At this point, `X_train` and `X_valid` both have 20 columns and 20 elements in each row. Note that some of the elements could be null padding.

In [7]:
from keras.models import Sequential
from keras.layers import Flatten, Dense

DIM = 8

# create a Sequential model
model = Sequential()
# lets add our Embedding layer
model.add( Embedding(VOCAB_SIZE, DIM, input_length= EMBED_SIZE) )

# our output is a 3D tensor of shape (samples, VOCAB_SIZE, EMBED_SIZE)
# we will flatten it into a 2D tensor of shape (samples, VOCAB_SIZE * EMBED_SIZE)
model.add( Flatten() )

# Let's add a classifier.
model.add( Dense(1, activation='sigmoid') )
model.compile( optimizer='adam', loss='binary_crossentropy', metrics=['acc'] )

model.summary()

history = model.fit(
    X_train,
    y_train,
    epochs=3,
    batch_size=32,
    validation_split=0.2
)

_________________________________________________________________
Layer (type)                 Output Shape              Param #   
embedding_2 (Embedding)      (None, 20, 8)             80000     
_________________________________________________________________
flatten_1 (Flatten)          (None, 160)               0         
_________________________________________________________________
dense_1 (Dense)              (None, 1)                 161       
Total params: 80,161
Trainable params: 80,161
Non-trainable params: 0
_________________________________________________________________
Train on 20000 samples, validate on 5000 samples
Epoch 1/3
Epoch 2/3
Epoch 3/3


Our classifier has a validation accuracy of about 75%. Note that we make use of only the first 20 words in each review. We are also flattening our embedding and passing it to a single Dense layer, which treats each word separately without taking into consideration the ordering of the words in the sequence.

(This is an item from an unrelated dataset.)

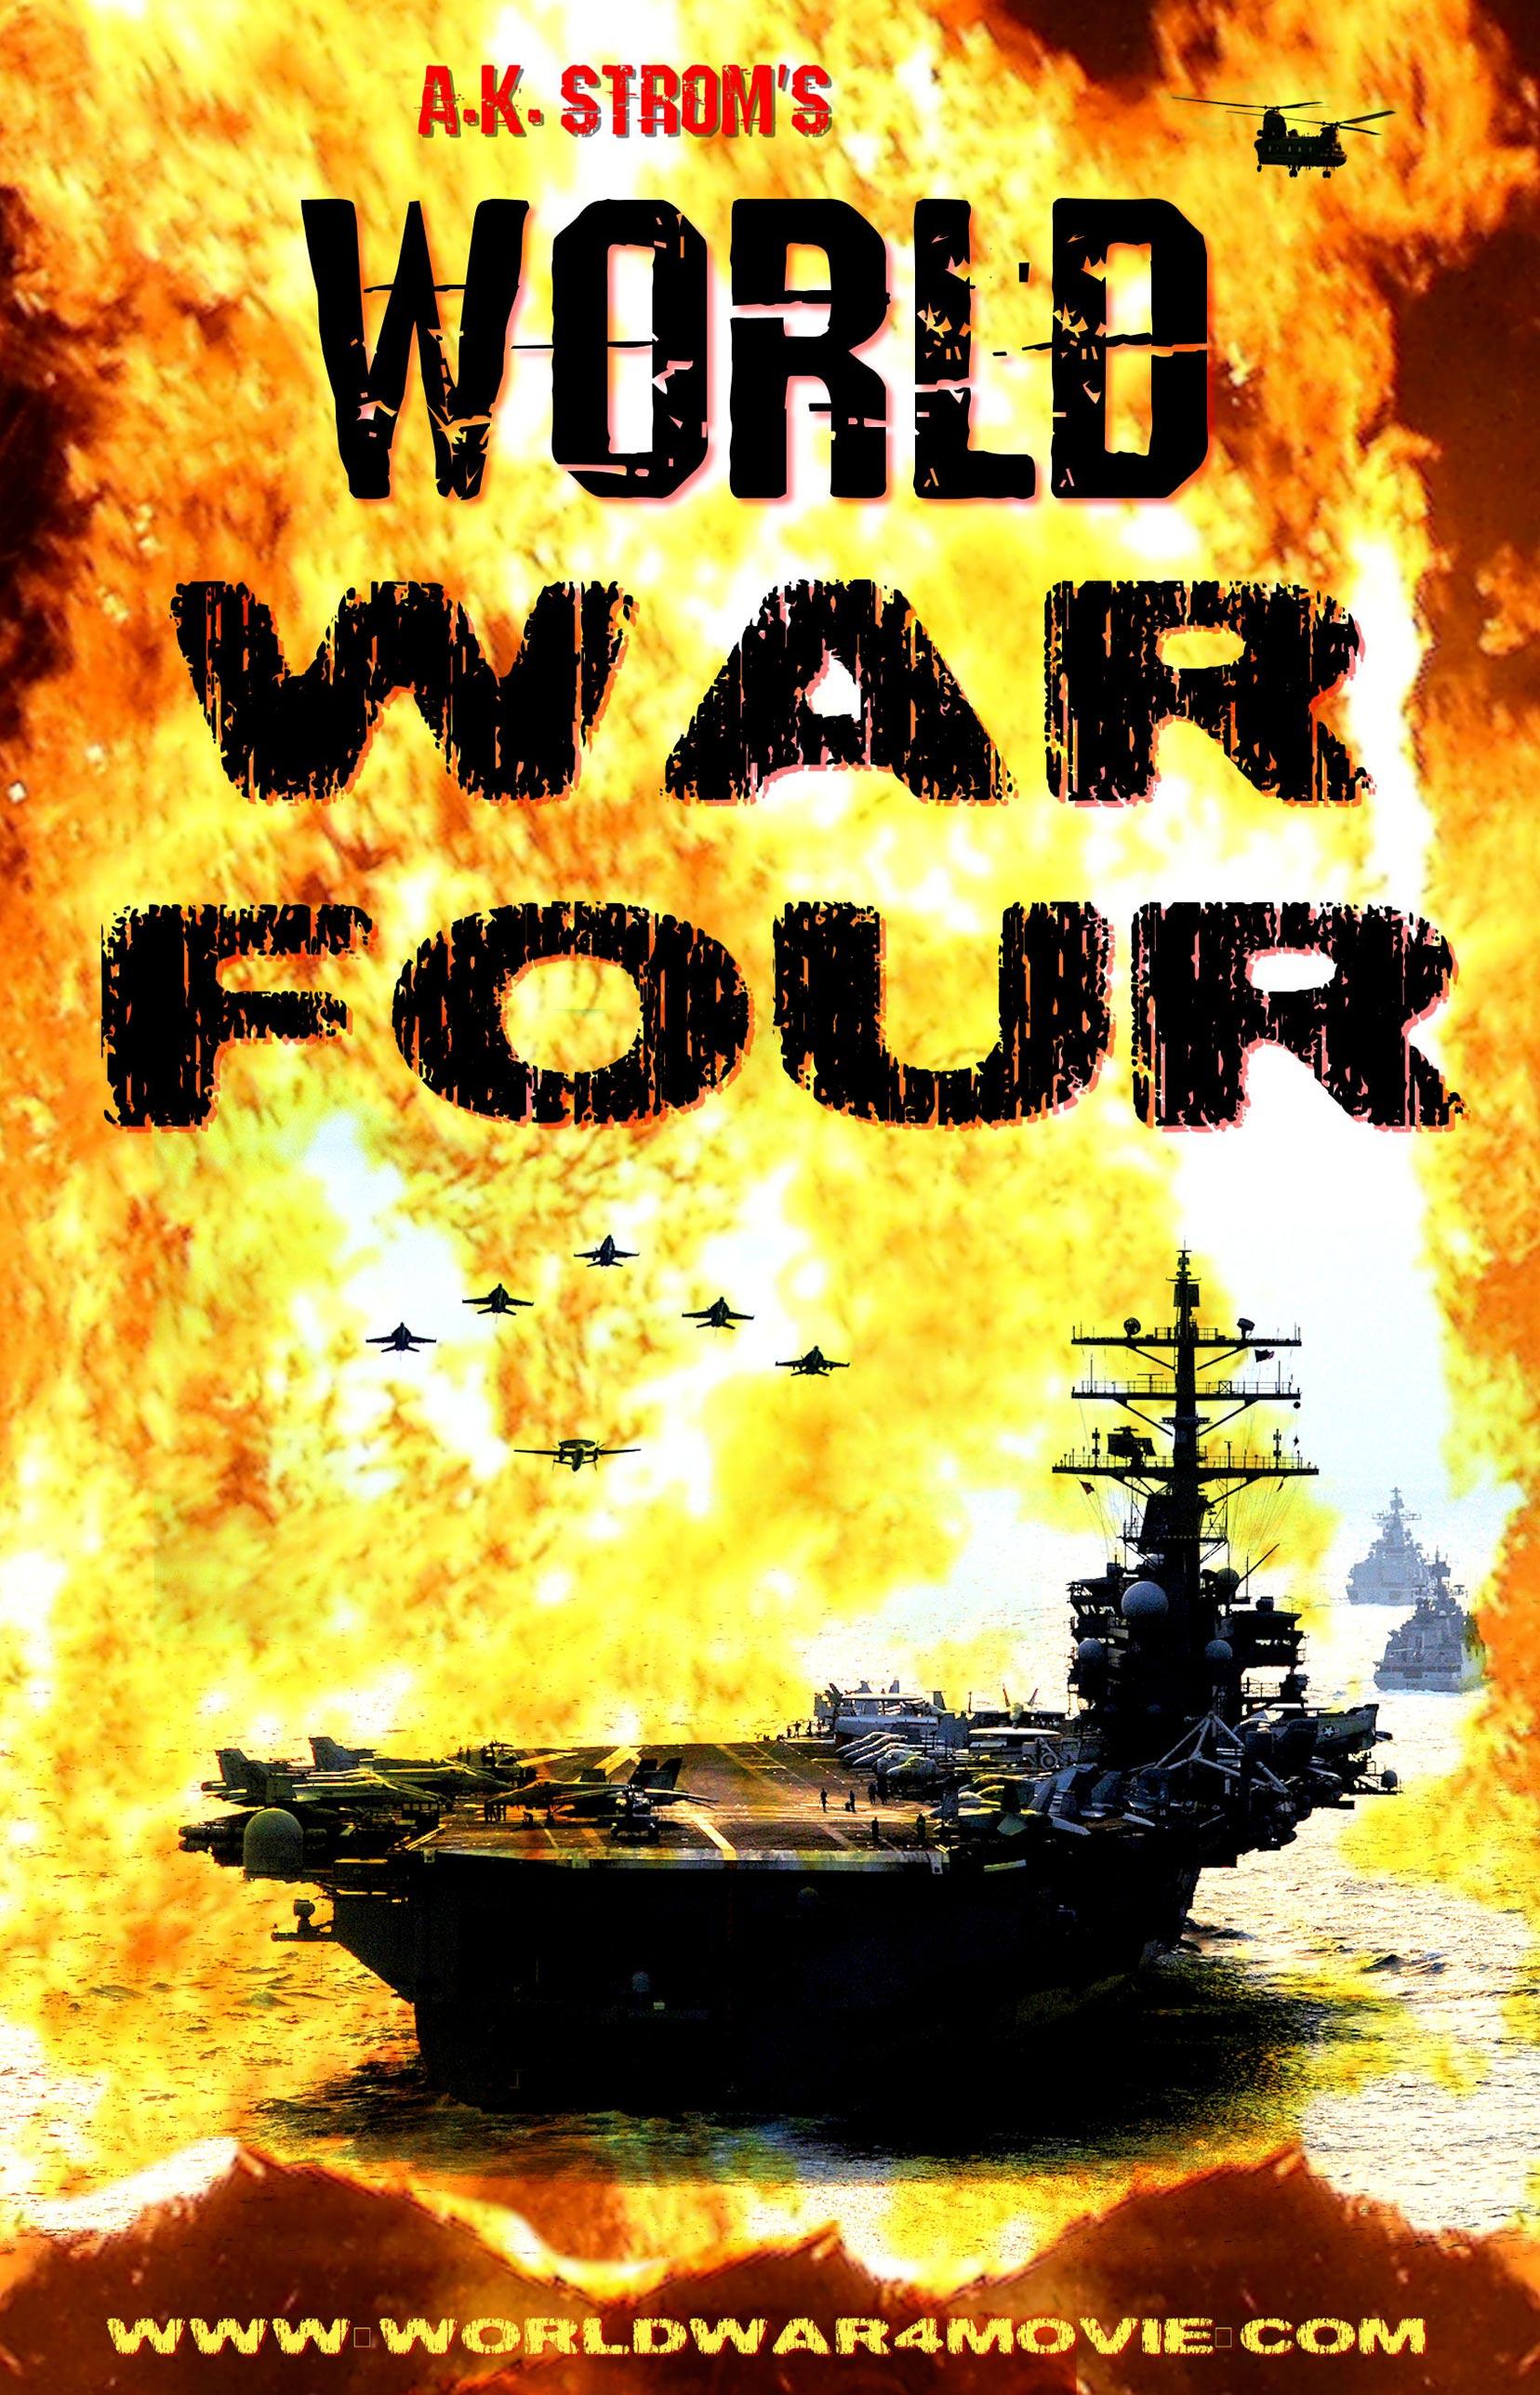 World War Four Poster #1
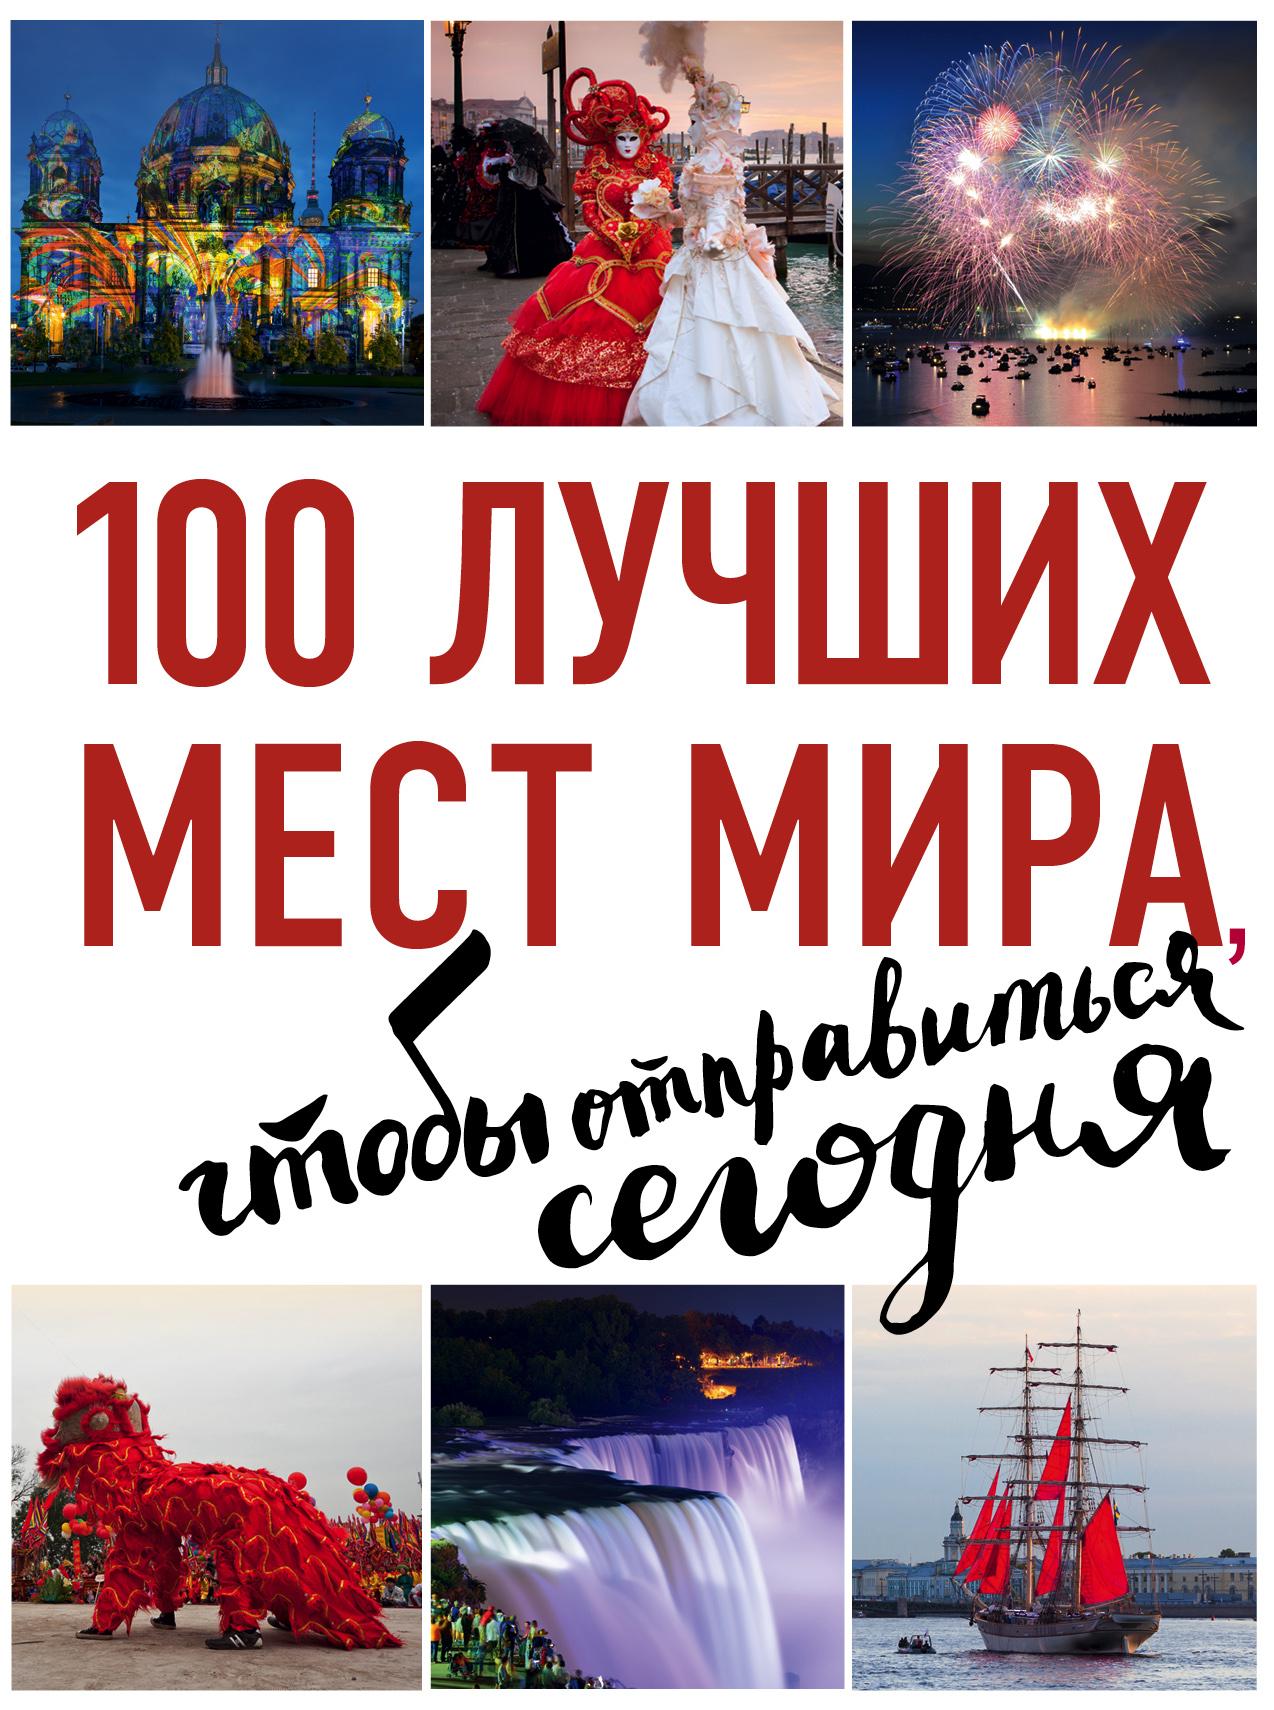 Татьяна Томилова 100 лучших мест мира, чтобы отправиться сегодня эксмо 365 лучших мест чтобы отправиться сегодня

It would be much better to use a recurrent layer or 1D convolution which will take the sequence of the words into consideration.

# Without Embeddings
It is always good to have a control experiment. What if we used our Bag-of-Words without an embedding? In the following model, we will replace our embedding with a `Dense` layer, and we will set our output neurons to the same as the embedding size just to keep things uniform.

In [8]:
from keras.models import Sequential
from keras.layers import Flatten, Dense

DIM = 8

# create a Sequential model
model = Sequential()
# lets add our Dense layer
model.add( Dense(DIM, activation='relu', input_shape=(EMBED_SIZE,)) )


# Let's add a classifier.
model.add( Dense(1, activation='sigmoid') )
model.compile( optimizer='adam', loss='binary_crossentropy', metrics=['acc'] )

model.summary()

history = model.fit(
    X_train,
    y_train,
    epochs=3,
    batch_size=32,
    validation_split=0.2
)

_________________________________________________________________
Layer (type)                 Output Shape              Param #   
dense_2 (Dense)              (None, 8)                 168       
_________________________________________________________________
dense_3 (Dense)              (None, 1)                 9         
Total params: 177
Trainable params: 177
Non-trainable params: 0
_________________________________________________________________
Train on 20000 samples, validate on 5000 samples
Epoch 1/3
Epoch 2/3
Epoch 3/3


In this run, our validation accuracy was just under 50%!